The above tactics would have produced outrage if used in white middle-class communities. After all, it was claimed, white youths were just harmlessly experimenting with drugs and selling only to their friends.
Additionally, the U.S. Supreme Court has made racial bias in police work and prosecutorial behavior very hard to prosecute. No matter how clearly an overall pattern of discrimination is supported by data, the defendant must prove overt racism in the specific encounter (Alexander v. Sandoval). We have no idea how many white supremacists work in our criminal justice system.
There are other obstacles to holding police accountable. Police departments can function as a tight-knit, self-protective brotherhood, and police union contracts can make it difficult to remove bad apples. In an effort to maintain a working relationship with police, prosecutors might choose not to bring charges against a police officer. Grand juries very often give police officers the benefit of the doubt when considering charges. The result: Officers are charged with a crime only 1.7% of the time there is alleged police misconduct (Mapping Police Violence).
The cumulative effect of all these forces produces a grossly unjust system. While “the majority of illegal drug users and dealers nationwide are white (reflecting the general population), three-quarters of all people imprisoned for drug offenses are Black or Latino . . . In at least 15 states, Blacks are admitted to prisons on drug charges at rates from 20 to 57 times greater than that of white men” (The New Jim Crow). And though police violence kills roughly 1,100 Americans each year, African Americans are killed at a rate almost twice their share of the population.
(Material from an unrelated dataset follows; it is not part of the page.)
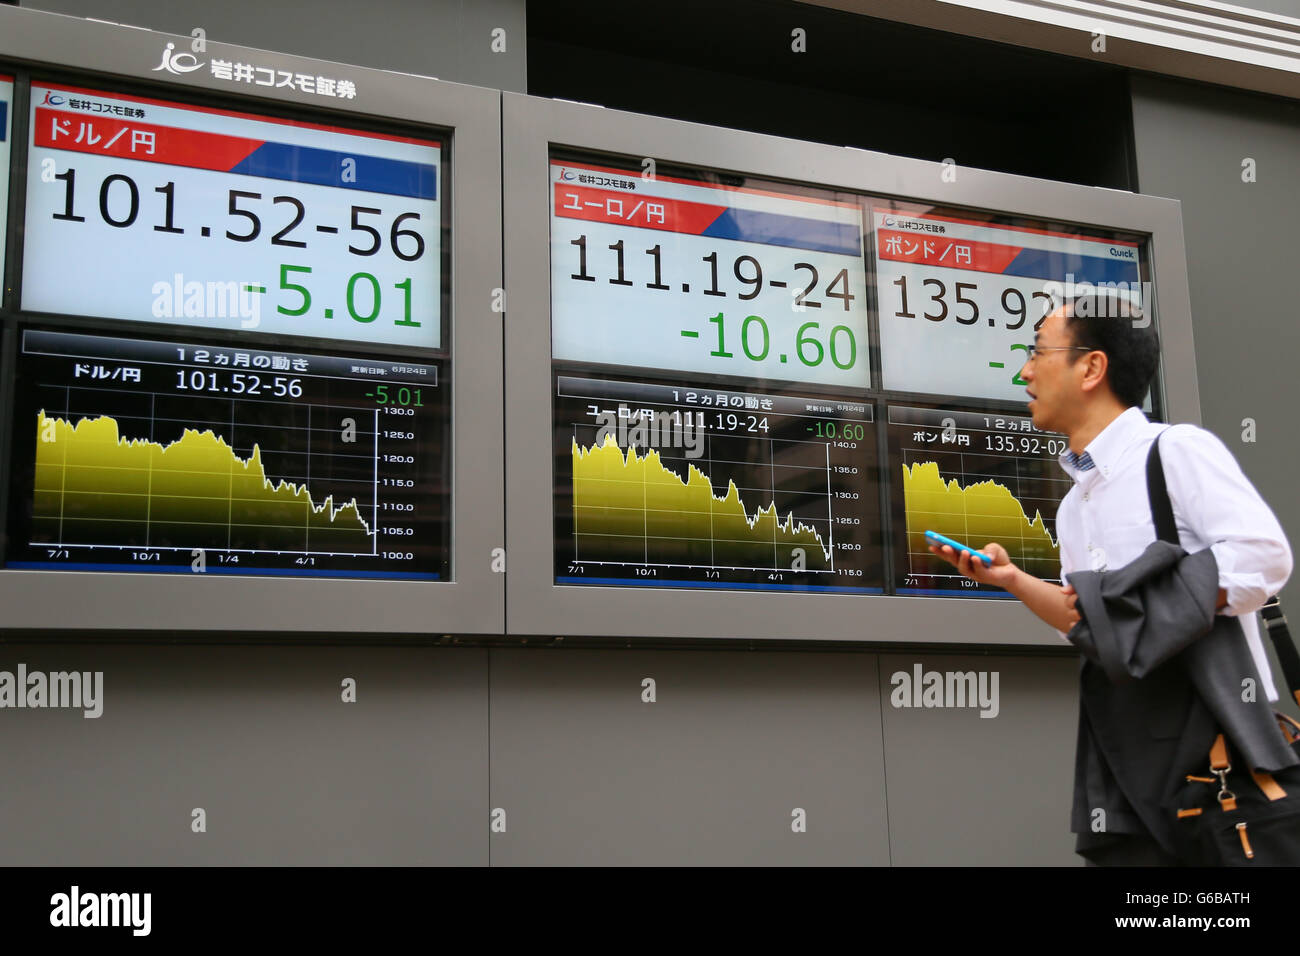 A trading board shows that exchange rates of Japanese yen against dollar, left, and euro, British pound on June 24, 2016 in Tokyo, Japan. As it became apparent that British voters would opt to leave the EU, markets across the globe began to tumble. The Nikkei index in Japan fell by over 1000 points, its largest one day drop since the Great East Japan Earthquake and Tsunami of March 2011. The pound also tumbled by over 10 percent against japanese yen. © Yohei Osada/AFLO/Alamy Live News Stock Photo
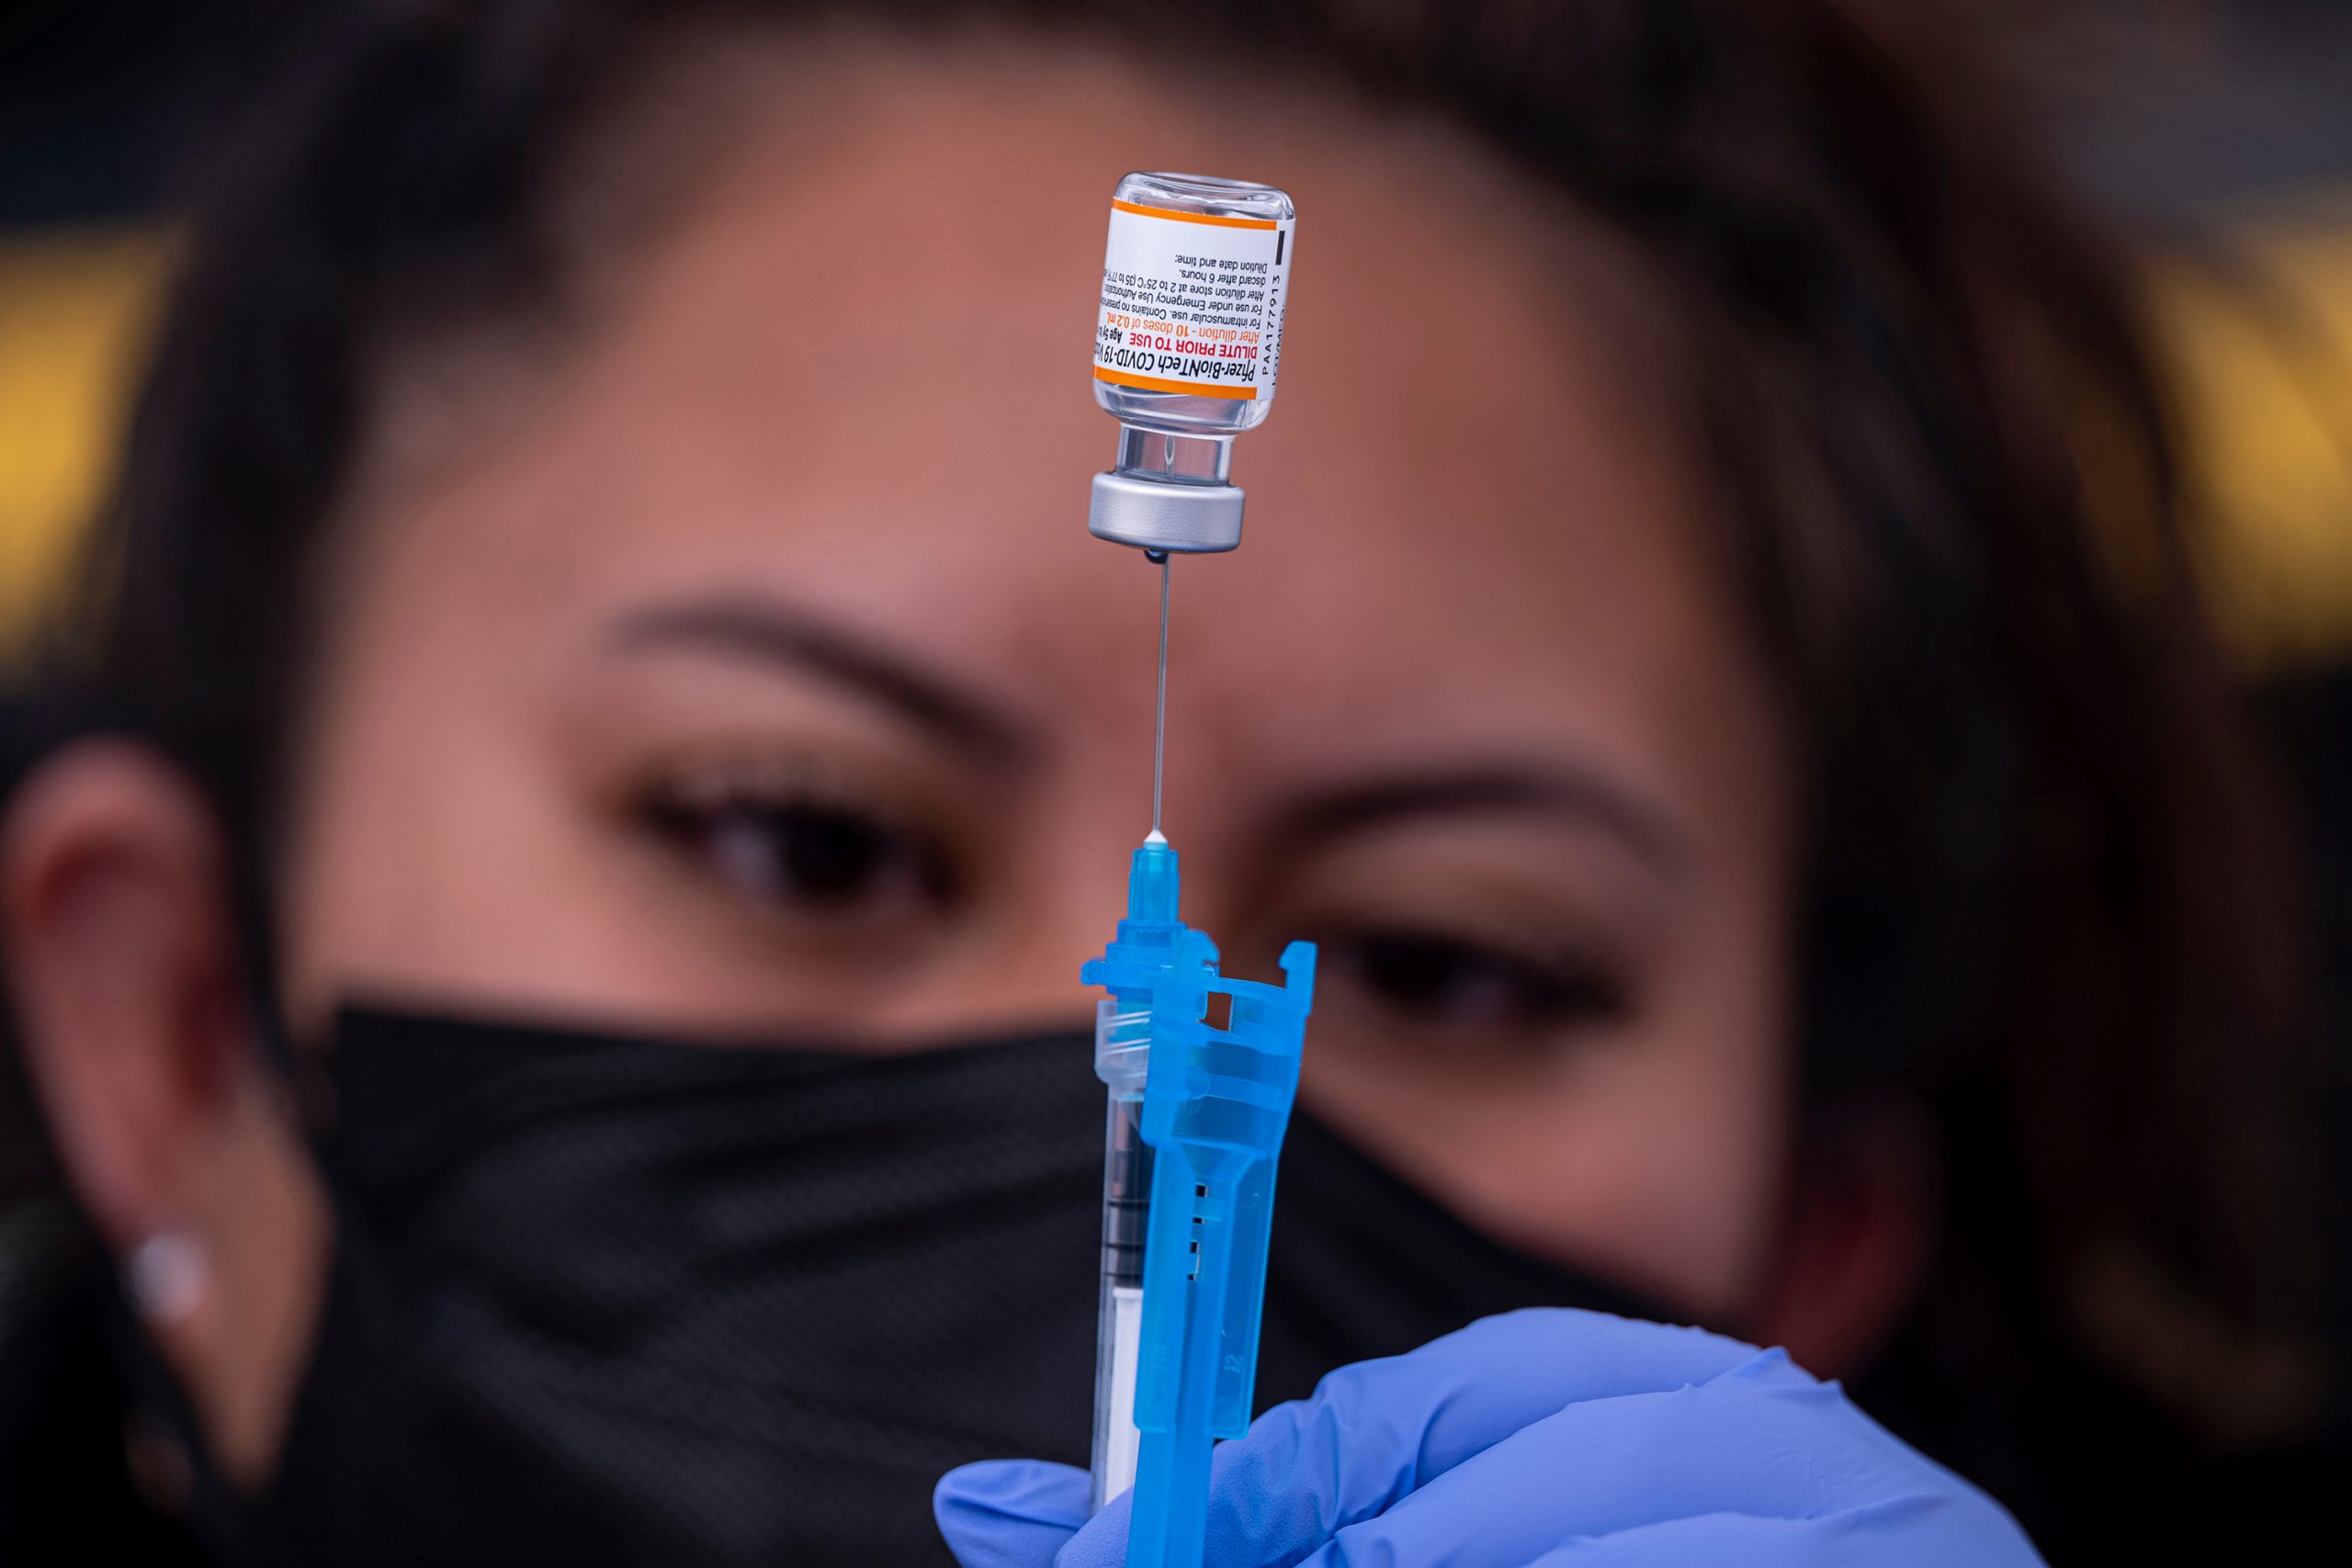 A healthcare worker prepares a dose of Pfizer-BioNTech Covid-19 vaccine at a vaccination site in Sa...

If you made a laundry list of all the issues raised in this article, perhaps you can understand why institutional racism is so intractable. It will take prolonged and persistent activism for change to occur. We’ll need a change in our nation’s leadership as well.
The last four words in our Pledge of Allegiance are “and justice for all.” For 400 years, people of color have had good reason to see those words as a broken promise. The latest chapter of that oppression has put a vast amount of human potential behind bars instead of contributing to our country.
Elie Weisel speaks about a moral imperative: “I swore never to be silent whenever and wherever human beings endure suffering and humiliation. We must take sides. Neutrality helps the oppressor, never the victim. Silence encourages the tormentor, never the tormented.”
Your move.
(Allan MacDonald lives in New London.)